# Rain = water clarity



## polar21 (Nov 5, 2007)

What do you guys think about the viz and all the rain we have gotten?


----------



## J0nesi (Jun 22, 2011)

its goin to be dirty dirty dirty after all this rain comes through


----------



## Realtor (Oct 1, 2007)

like coffee inshore....


----------



## 192 (Oct 1, 2007)

Dont plan on sight fishing for a bit.


----------



## polar21 (Nov 5, 2007)

Well, what about under the water? I should have been more specific in my post LOL

What can I expect the viz to be in 90ft of water this weekend? And yes, the bay will look like the Mississippi river for the next week.


----------



## sealark (Sep 27, 2007)

90 ft no way to tell with all this wind and rain. But let us know. My guess is in 90 ft if you get offshore it should be clear


----------



## WhackUmStackUm (Jan 31, 2010)

Depends on the wind. If we get an east wind, the water should be clearer off-shore.


----------



## sealark (Sep 27, 2007)

WhackUmStackUm said:


> Depends on the wind. If we get an east wind, the water should be clearer off-shore.

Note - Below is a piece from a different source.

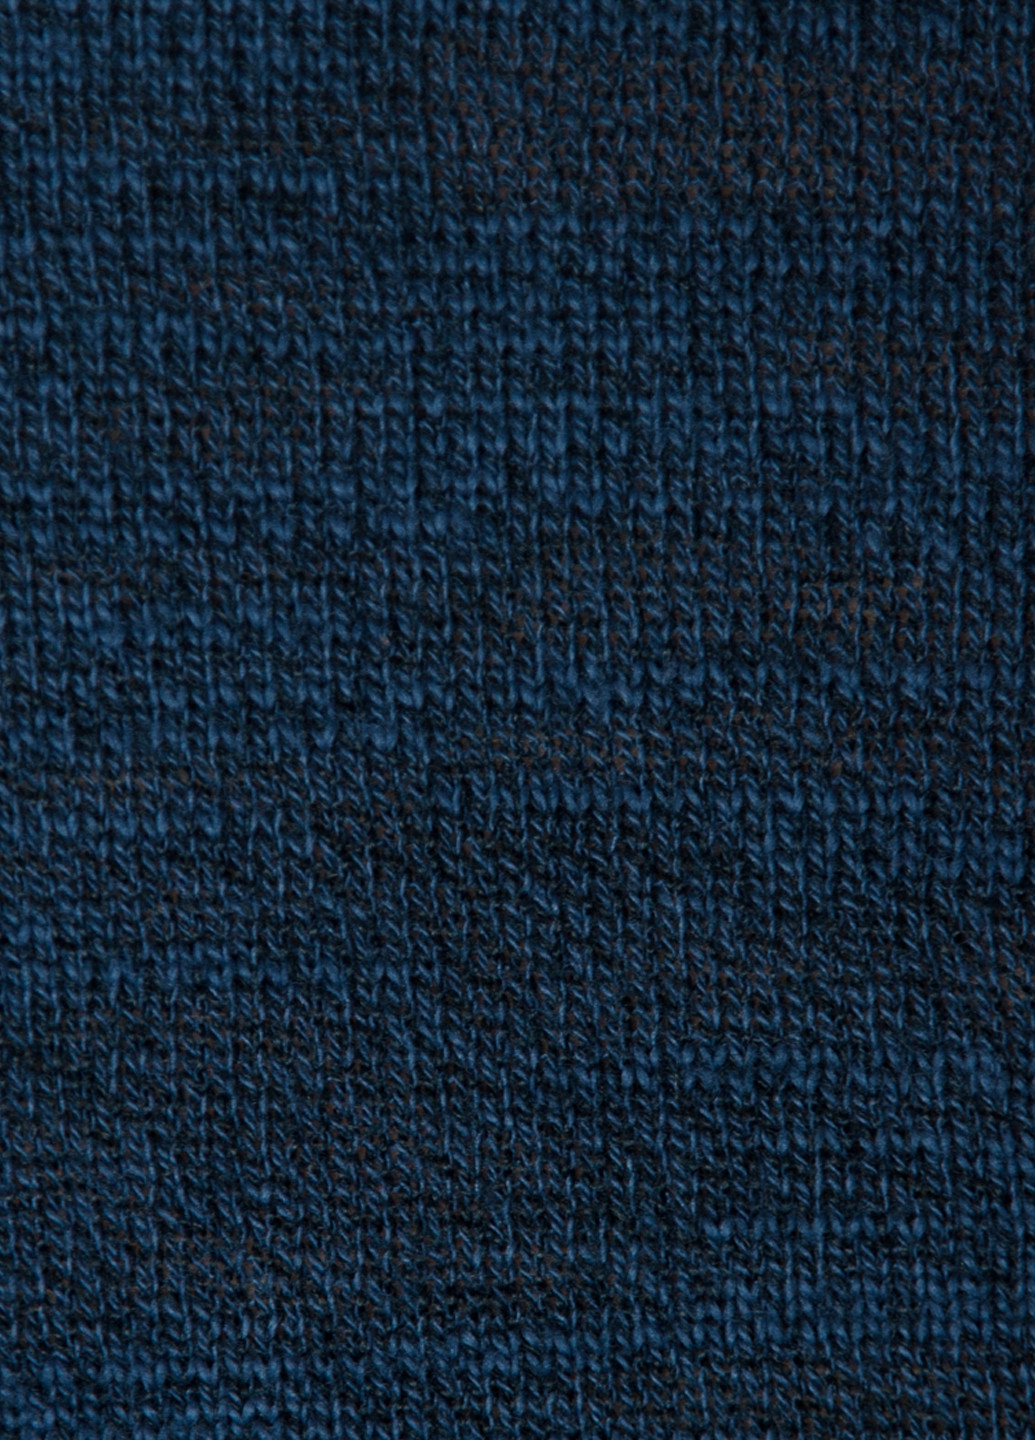 Синій зимовий пуловер чоловічий Arber V-neck N-AVT-67

Hopefully but not necessarily. when the ice thaws and floods the rivers it will still come out of the west on the bottom regardless of wind. Just have to go and see and hope for good vis. but I will bet it's going to be a bad vis year the first part of summer. Hope I am wrong.... :thumbup::thumbup:


----------



## cuzmondo (Oct 1, 2007)

sealark said:


> I will bet it's going to be a bad vis year the first part of summer. Hope I am wrong.... :thumbup::thumbup:


I hope you're wrong too, but I highly doubt it. I think it's going to be crappy for a long time. I've been praying for drought, but it ain't working. :whistling:


----------



## sealark (Sep 27, 2007)

Ok at this time with this water this is the worst i have seen it since 1976 all over the SE visibility will be horrible for a while for sure.


----------



## Billybob+ (Jul 12, 2011)

I dunno, the water looked like 15 feet vis on the West Bound Lane of Highway 98 East of Gulf Breeze, and the seas were moderately calm, considering, in the Winn Dixie Parking lot.



sealark said:


> Ok at this time with this water this is the worst i have seen it since 1976 all over the SE visibility will be horrible for a while for sure.


----------



## sealark (Sep 27, 2007)

Billybob+ said:


> I dunno, the water looked like 15 feet vis on the West Bound Lane of Highway 98 East of Gulf Breeze, and the seas were moderately calm, considering, in the Winn Dixie Parking lot.


I'm going down for a walk Bill I will take my empty Coffee cup and I'll bet it tastes just like freshly made cold coffee it sure looked like it BEFORE this last flood we got. Hey Bill go check this add out and get a couple of these for your mixing O2 and save any yearly lease fee. the cost to fill these is 9 bucks and you own them. they are mine for sale I got them with another HP compressor.
O2 Cylinders


----------



## Billybob+ (Jul 12, 2011)

Hey Sealark

I was talkin about the water flowing across all four lanes of 98 East of Gulf Breeze, it was both clear enough and deep enough I could've dove the Westbound lane.

I just turned in my Airgas bottle....STILL FULL (should've brought it over to you and let you drain most of it.)

I was about to get hit with a late fee on yet another annual lease and I wasn't doing anything with it!

I'll give those bottles some thought


----------



## sealark (Sep 27, 2007)

Bill i knew what you were refering to. The bay water is chocolate milk. Yes get two of mine use down one and take the other down and tell them you want yours filled not exchanged. The 9 bucks is at wesco.


----------



## polar21 (Nov 5, 2007)

We made it out yesterday. Viz was 15-20ft on the bottom. Dove Greens Hole, a barge , and tex


----------



## SushiKing (Jul 19, 2013)

sealark said:


> Ok at this time with this water this is the worst i have seen it since 1976 all over the SE visibility will be horrible for a while for sure.


How long is a while? July 4th? Labor Day? Just curious because this coffee is getting extremely annoying.


----------



## polar21 (Nov 5, 2007)

We are going to try it again this Friday. Hopefully the viz will be better.


----------



## SushiKing (Jul 19, 2013)

Other than some rain on Wednesday, it will have been reasonably drier since the floods. Maybe this weekend the water will see some significant improvement. Still unsure about how much runoff is still getting dumped in from the escambia, blackwater, coldwater systems though. High tide at 1:00pm Saturday might help too.


----------